__Your instructions__. Output a character-exact copy of the data, images removed.

__Information supplied__.
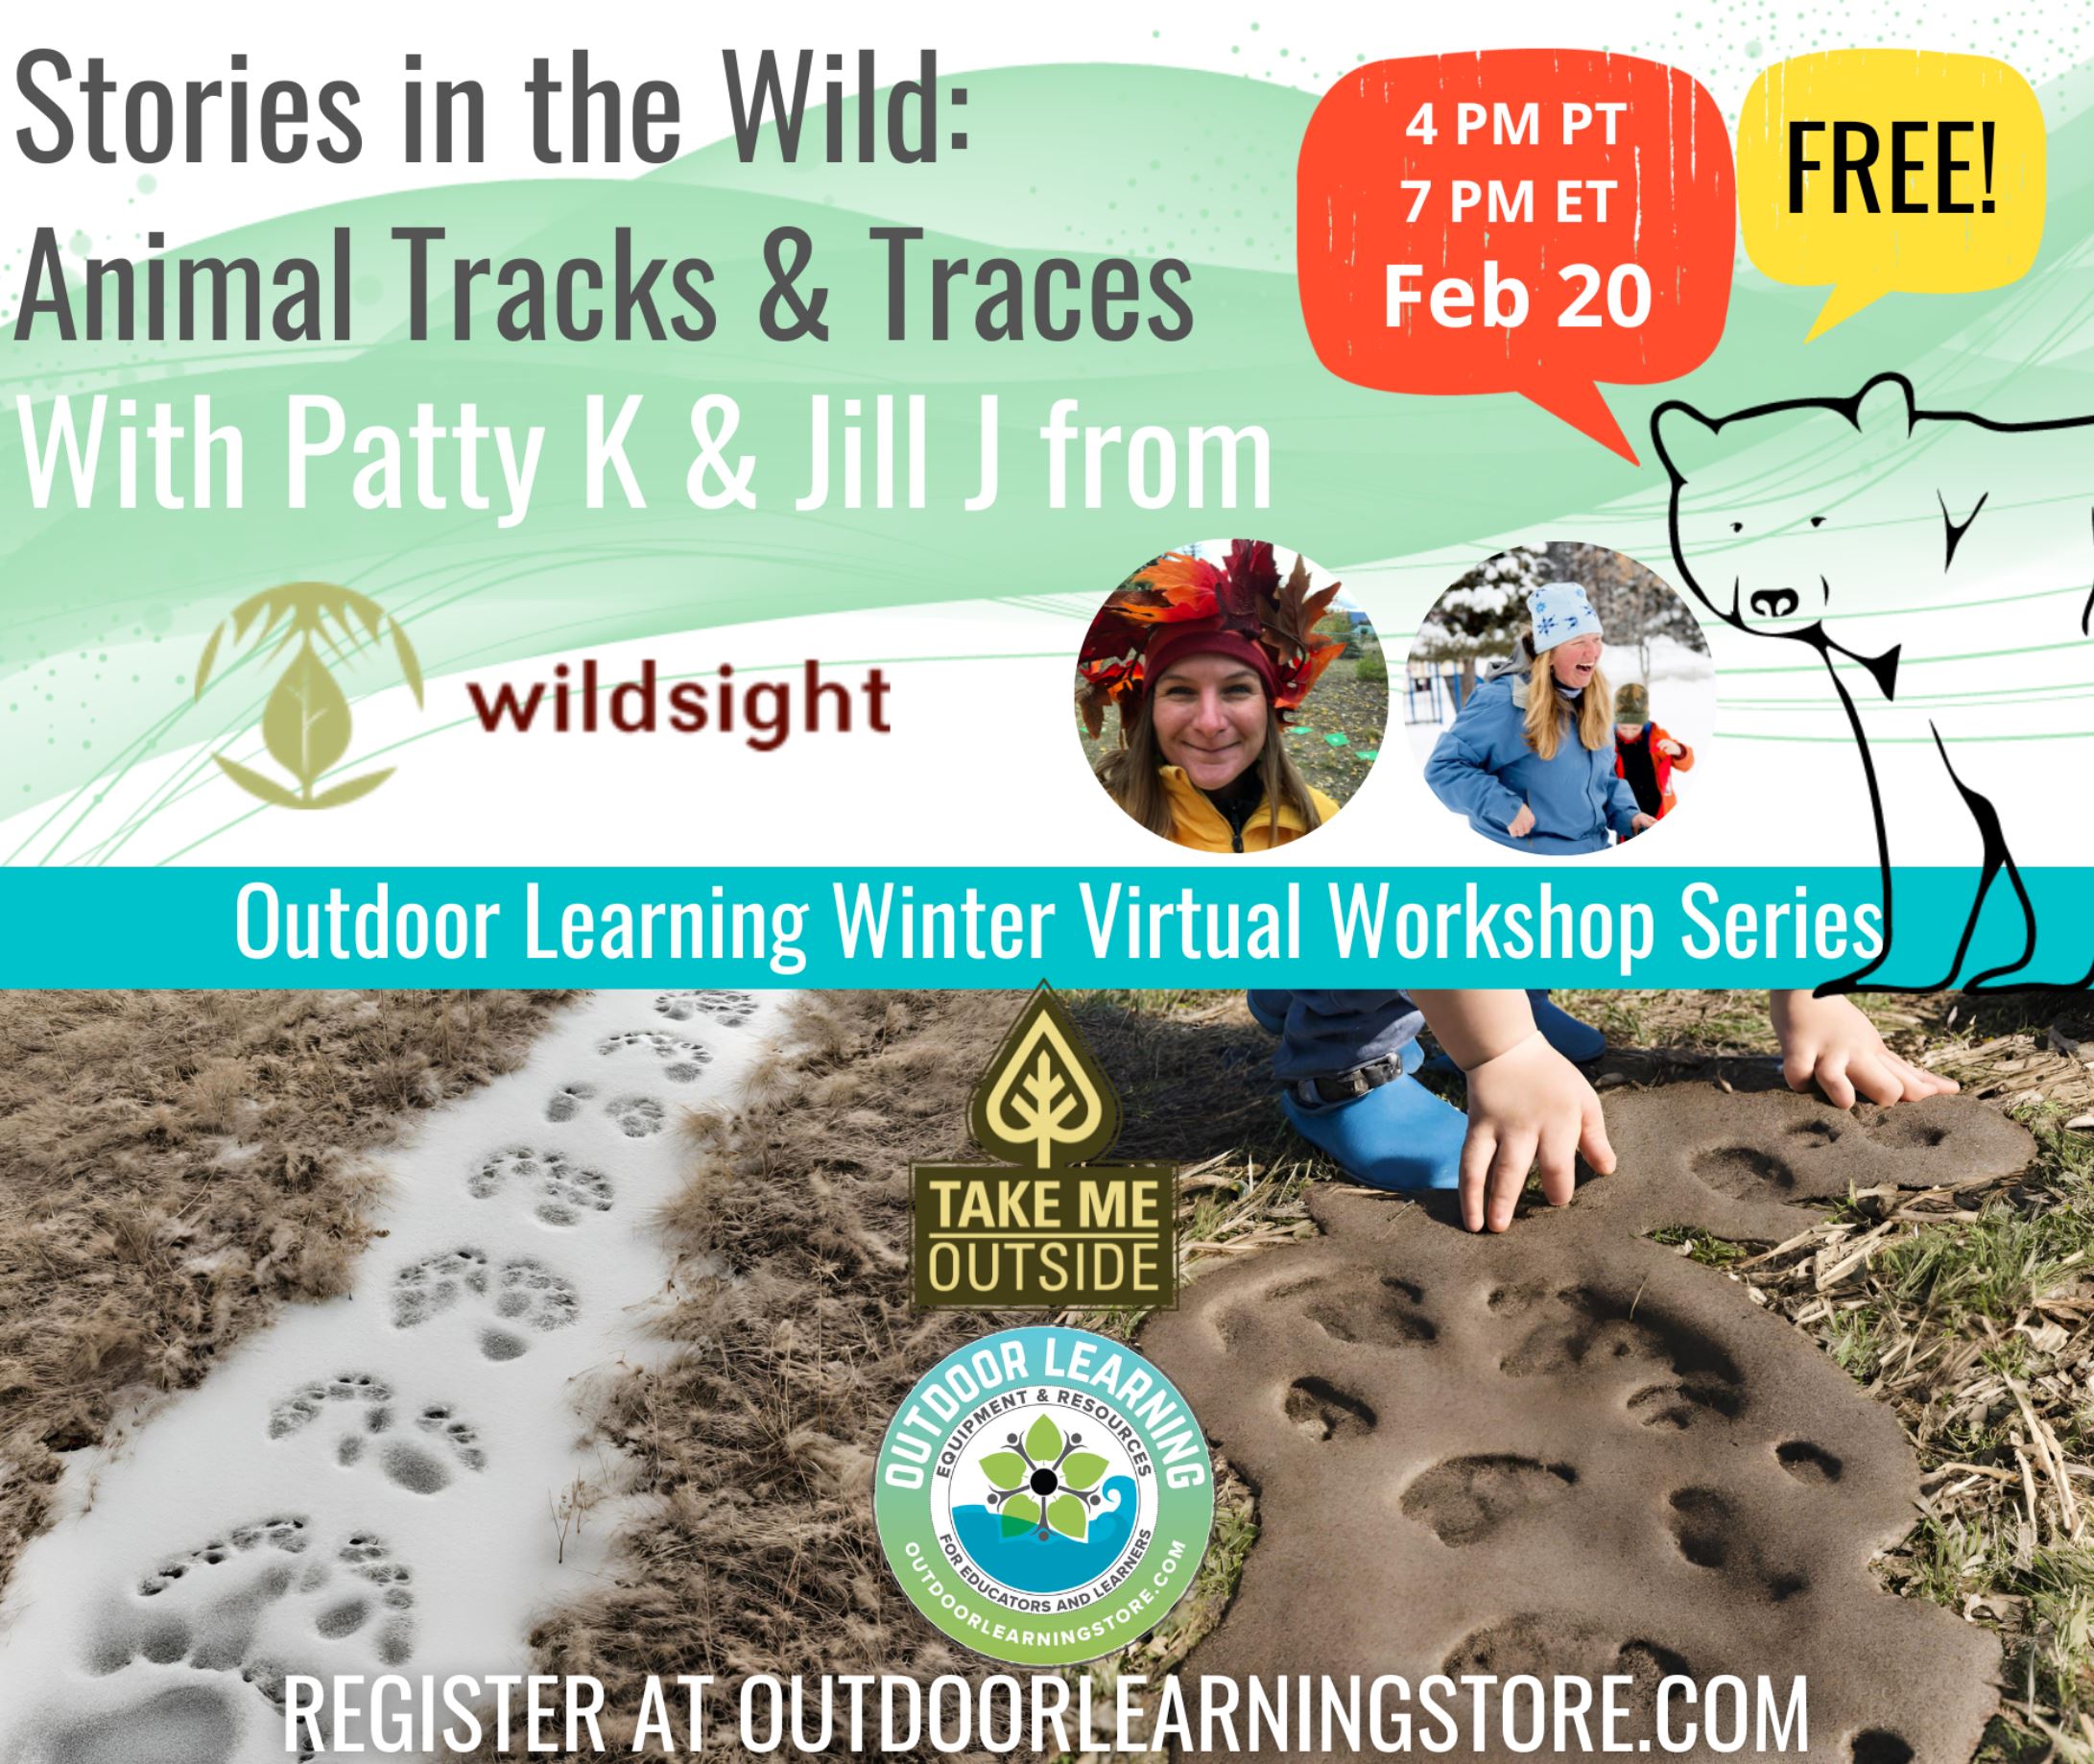 Graphic divided in half by a blue bar with text that reads, "Outdoor Learning Winter Virtual Workshop Series." Top half displays text, "Stories in the Wild: Animal Tracks & Traces with Patty K and Jill J from WildSight. Feb 20. Free!" Bottom half shows two photos side-by-side of animal tracks in the snow and mud.
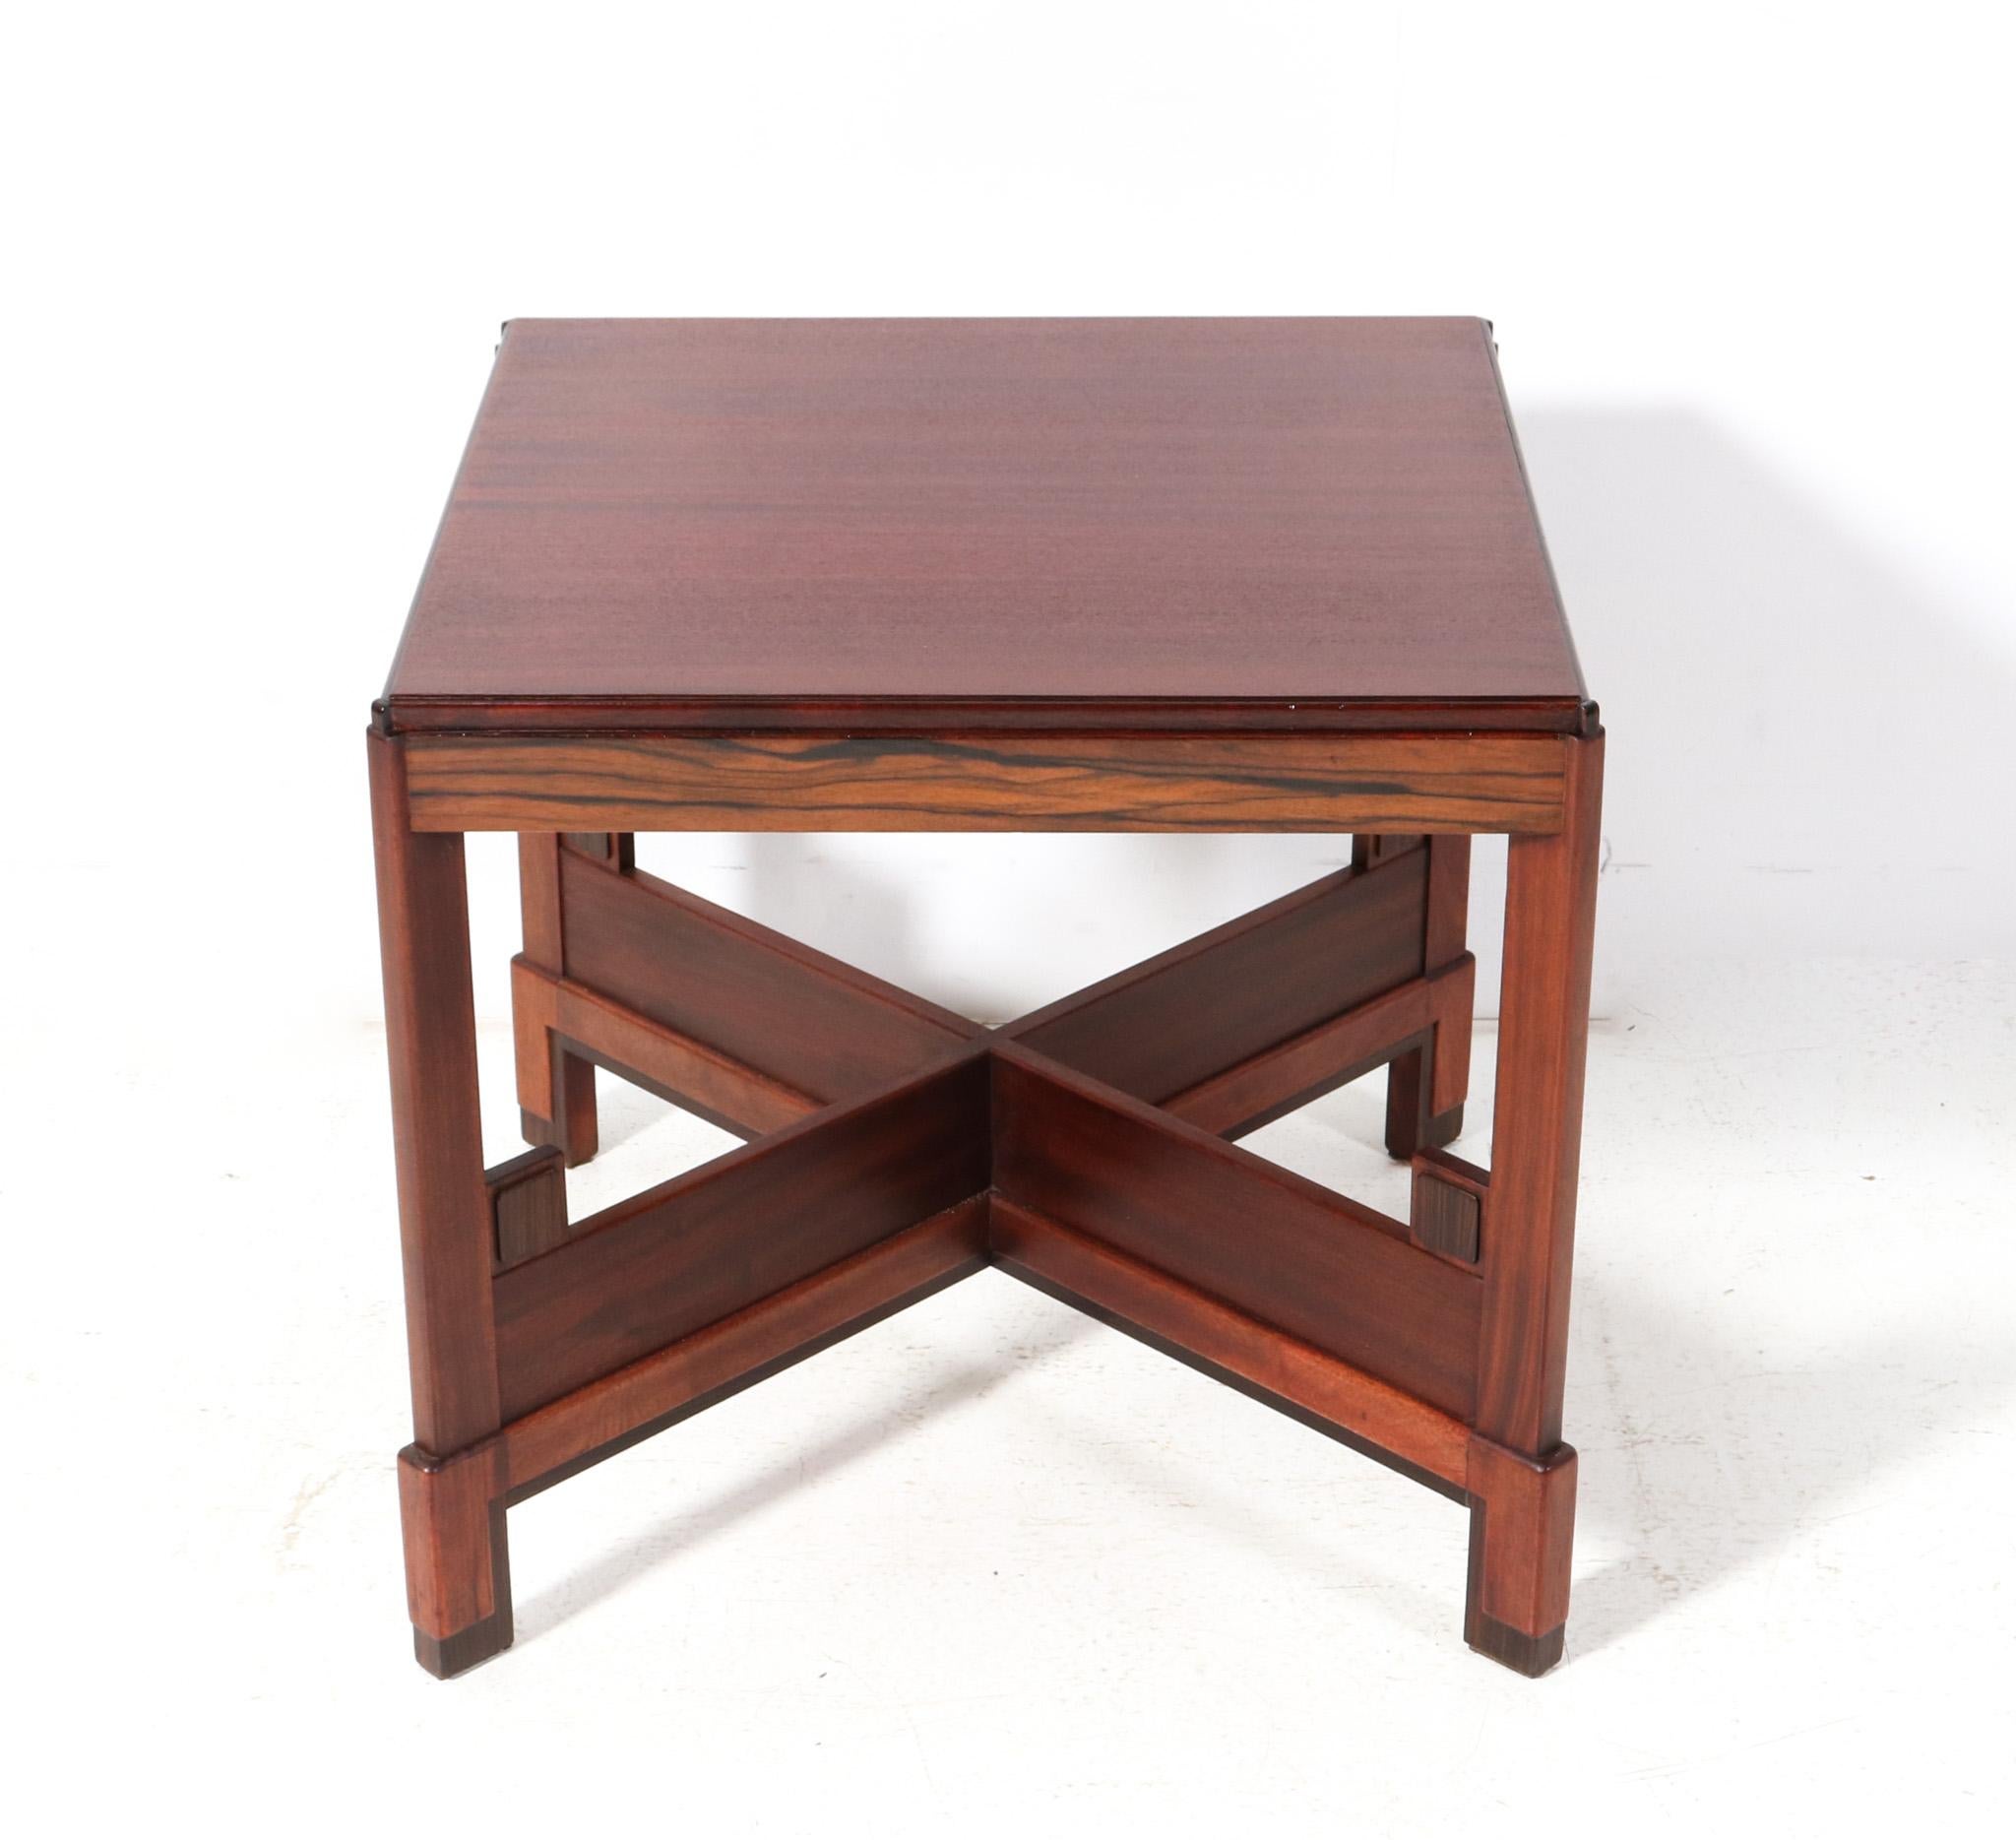 Mid-20th Century Walnut Art Deco Modernist Coffee table or Cocktail table, 1920s For Sale
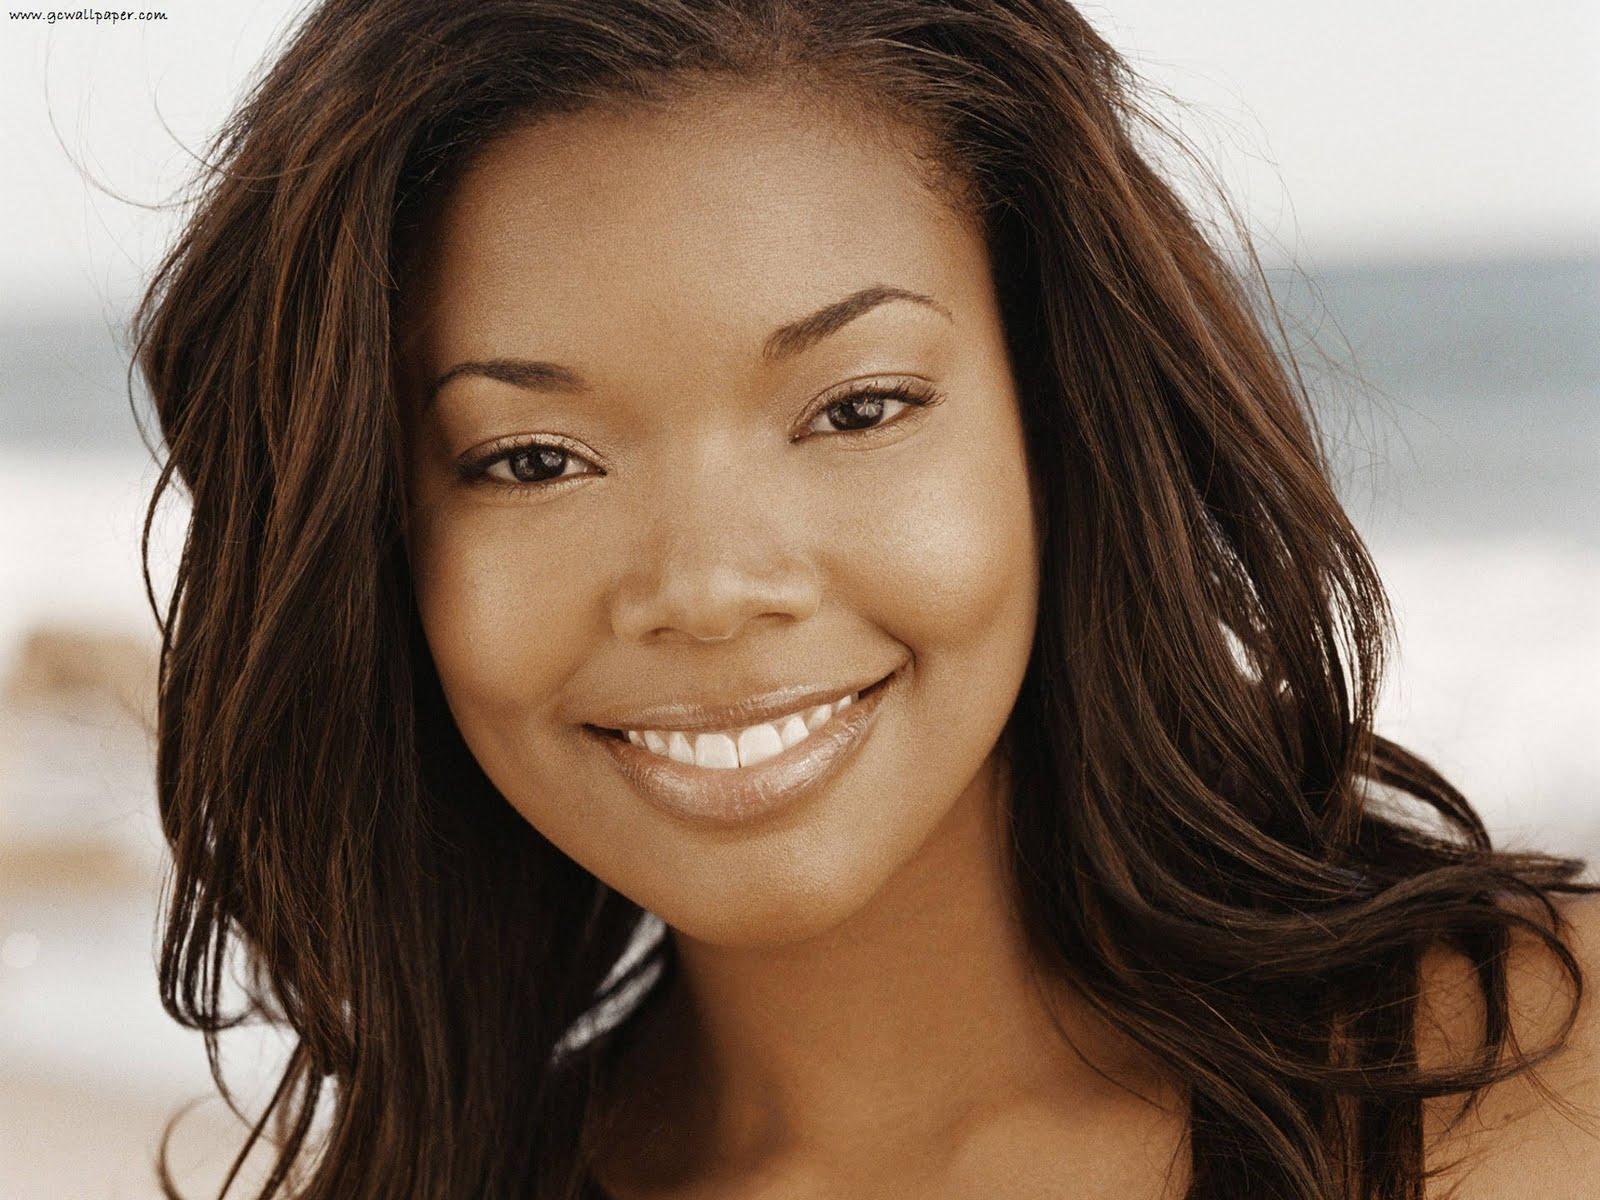 G C W: Gabrielle Union Wallpaper and Biography

__Expected answer__.
 Graphic divided in half by a blue bar with text that reads, "Outdoor Learning Winter Virtual Workshop Series." Top half displays text, "Stories in the Wild: Animal Tracks & Traces with Patty K and Jill J from WildSight. Feb 20. Free!" Bottom half shows two photos side-by-side of animal tracks in the snow and mud.
 Mid-20th Century Walnut Art Deco Modernist Coffee table or Cocktail table, 1920s For Sale
 G C W: Gabrielle Union Wallpaper and Biography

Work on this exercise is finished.